§ Exercise: Print all of the data exactly, but drop the pictures.

§ Input data:
BEGIN
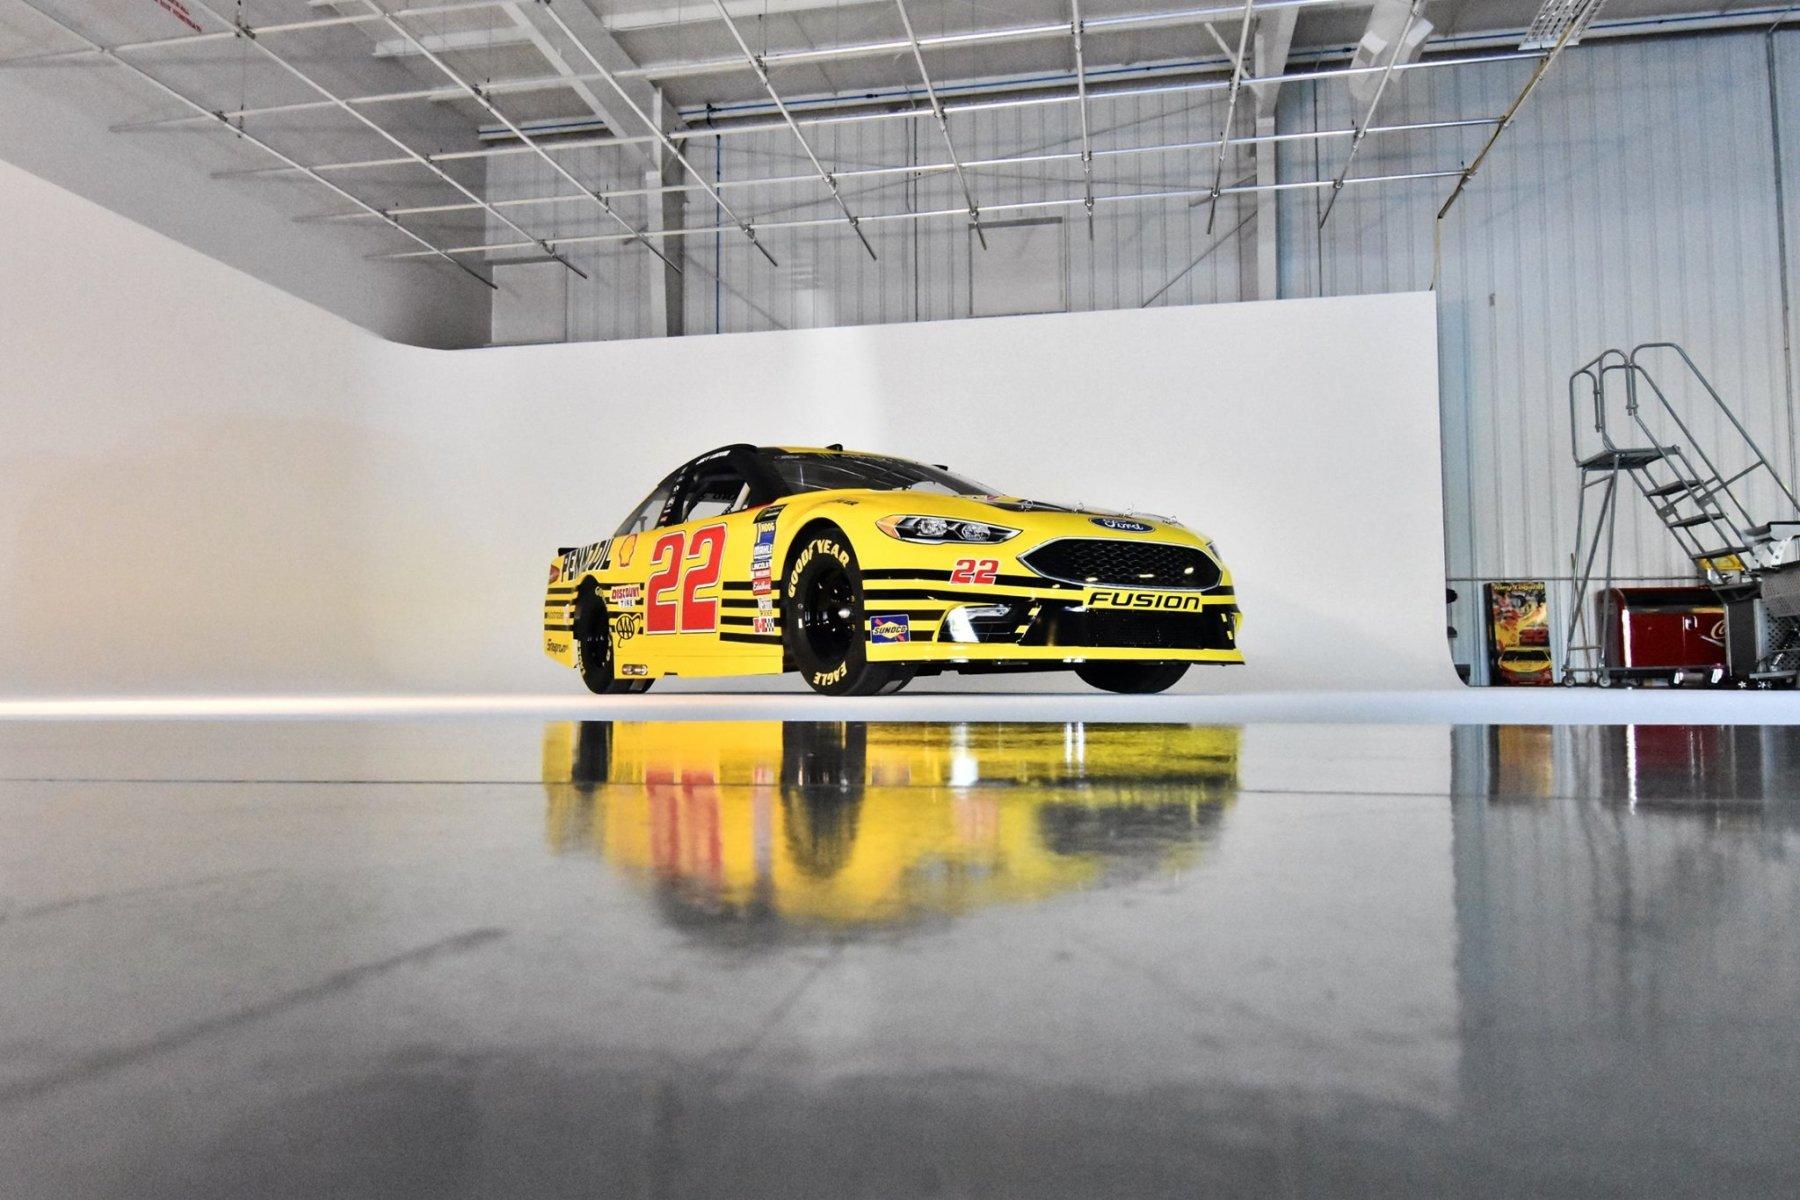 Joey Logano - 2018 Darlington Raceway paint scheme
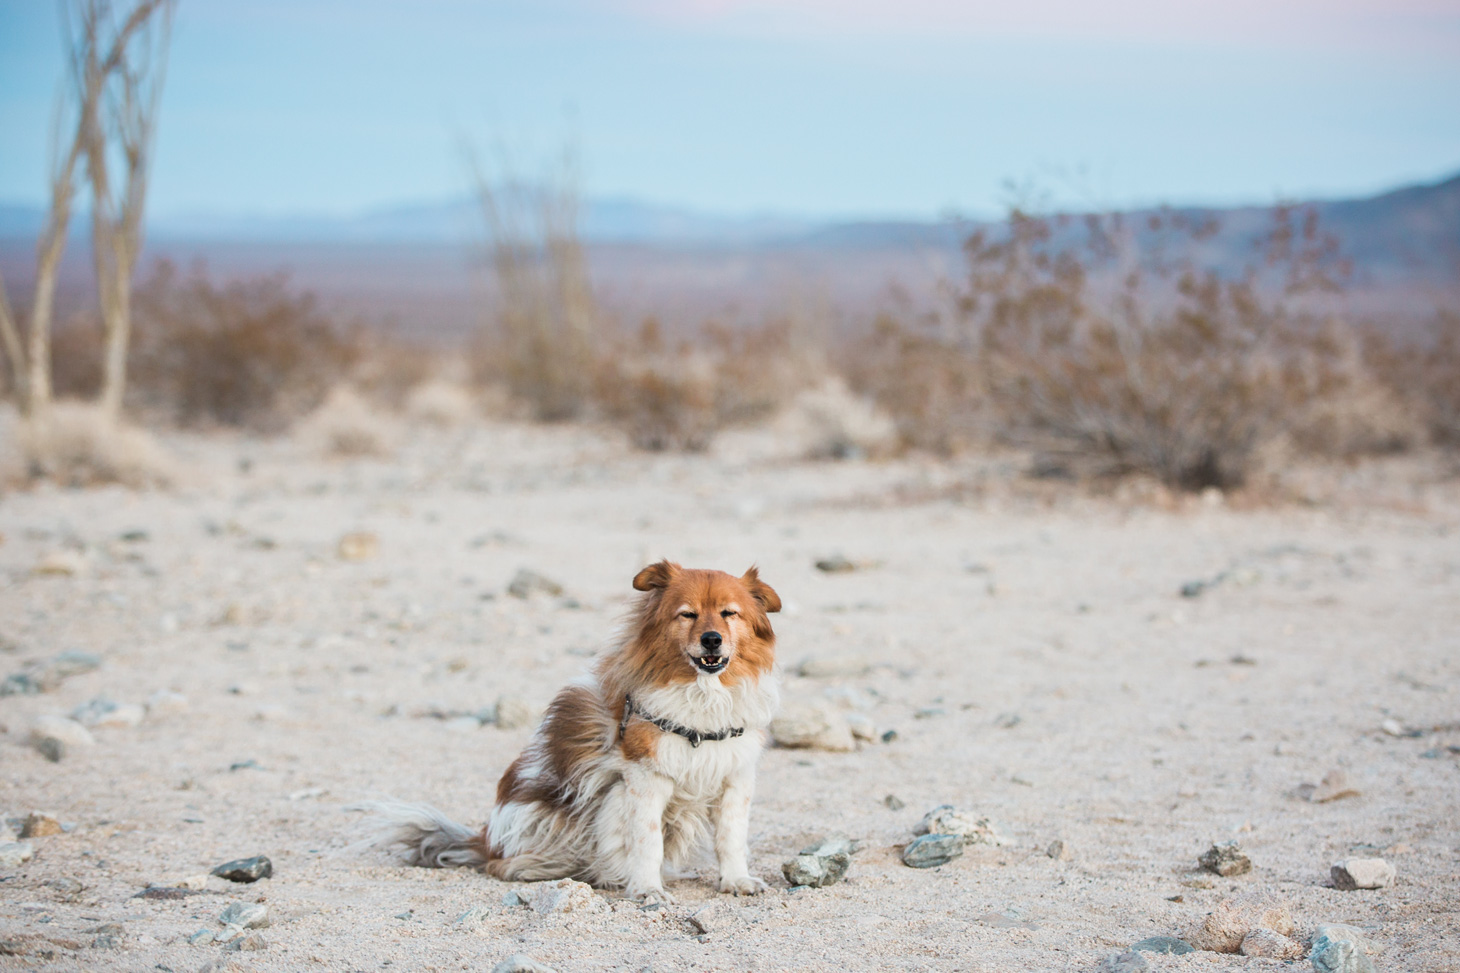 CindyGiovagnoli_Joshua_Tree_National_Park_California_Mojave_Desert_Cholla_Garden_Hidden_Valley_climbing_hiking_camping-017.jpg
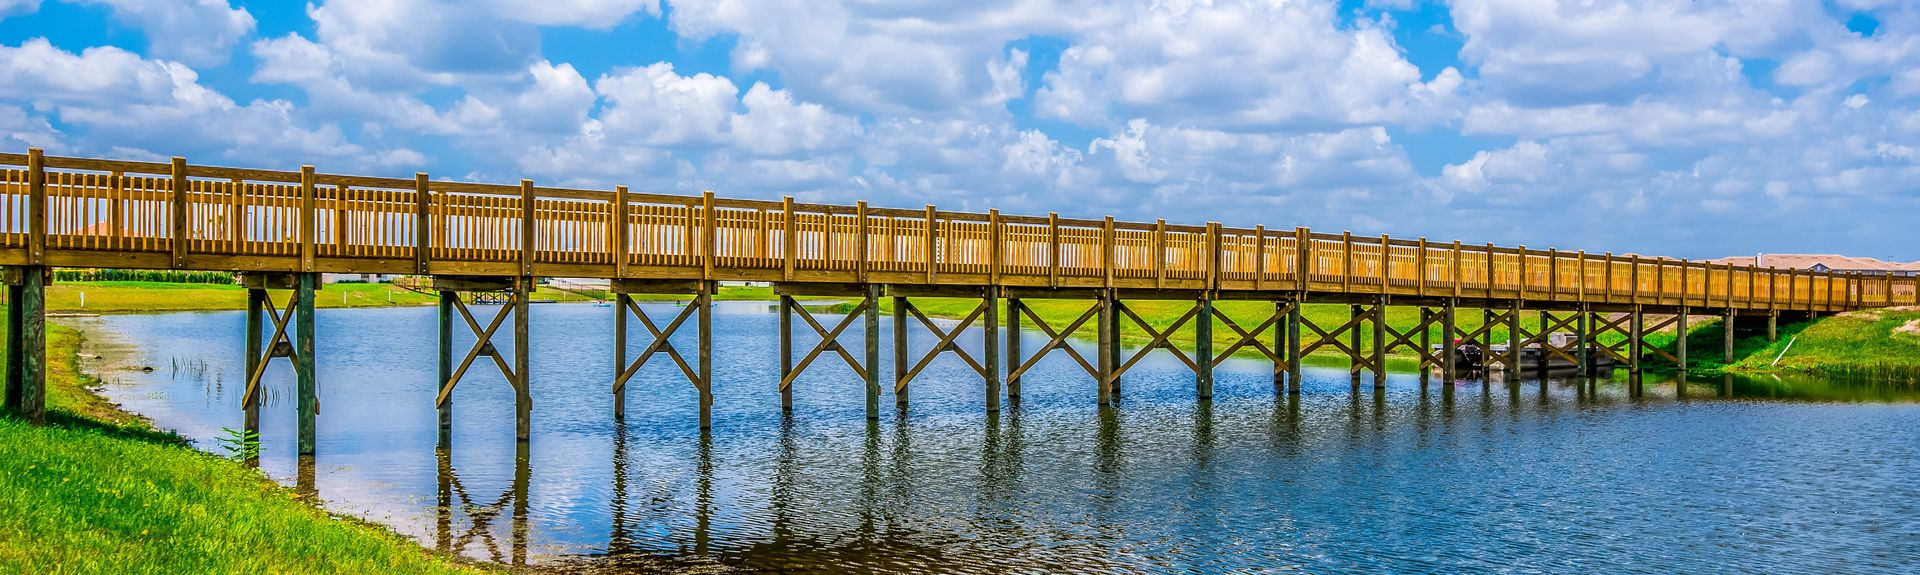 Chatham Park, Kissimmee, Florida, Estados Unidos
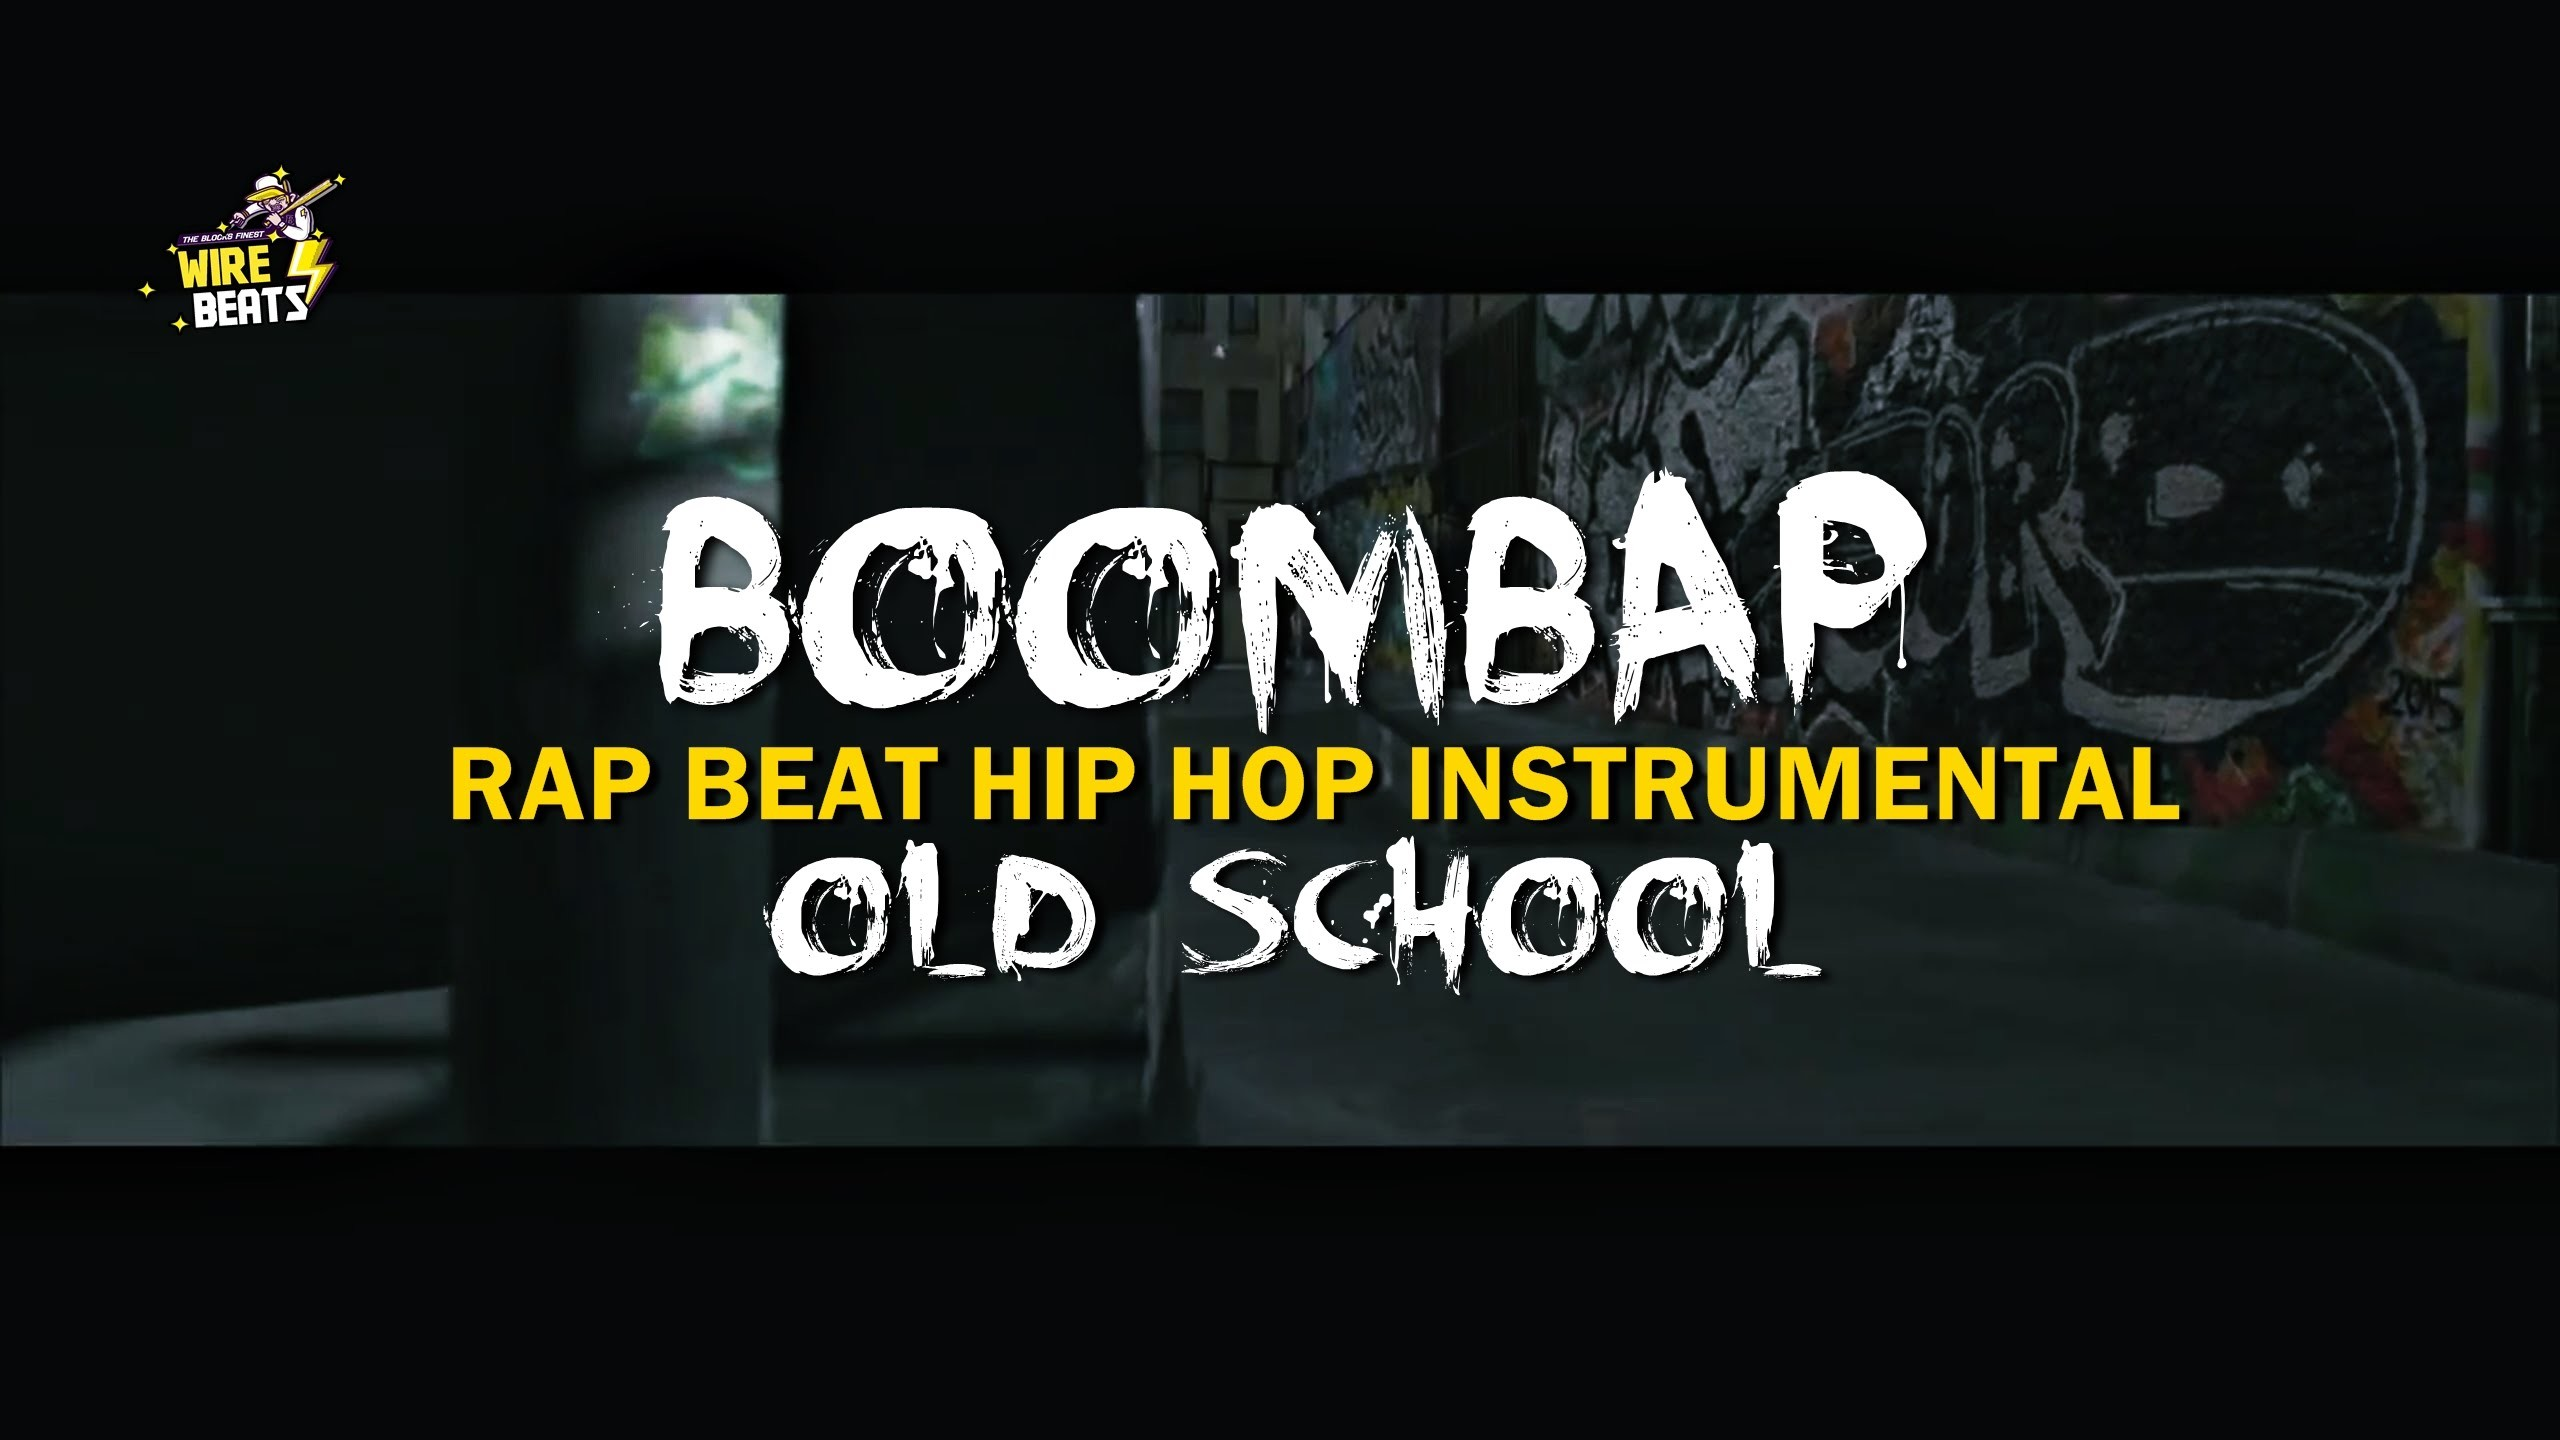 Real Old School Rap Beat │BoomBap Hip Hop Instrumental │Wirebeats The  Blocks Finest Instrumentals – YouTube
END
§ Answer to the problem:
 Joey Logano - 2018 Darlington Raceway paint scheme
 CindyGiovagnoli_Joshua_Tree_National_Park_California_Mojave_Desert_Cholla_Garden_Hidden_Valley_climbing_hiking_camping-017.jpg
 Chatham Park, Kissimmee, Florida, Estados Unidos
 Real Old School Rap Beat │BoomBap Hip Hop Instrumental │Wirebeats The  Blocks Finest Instrumentals – YouTube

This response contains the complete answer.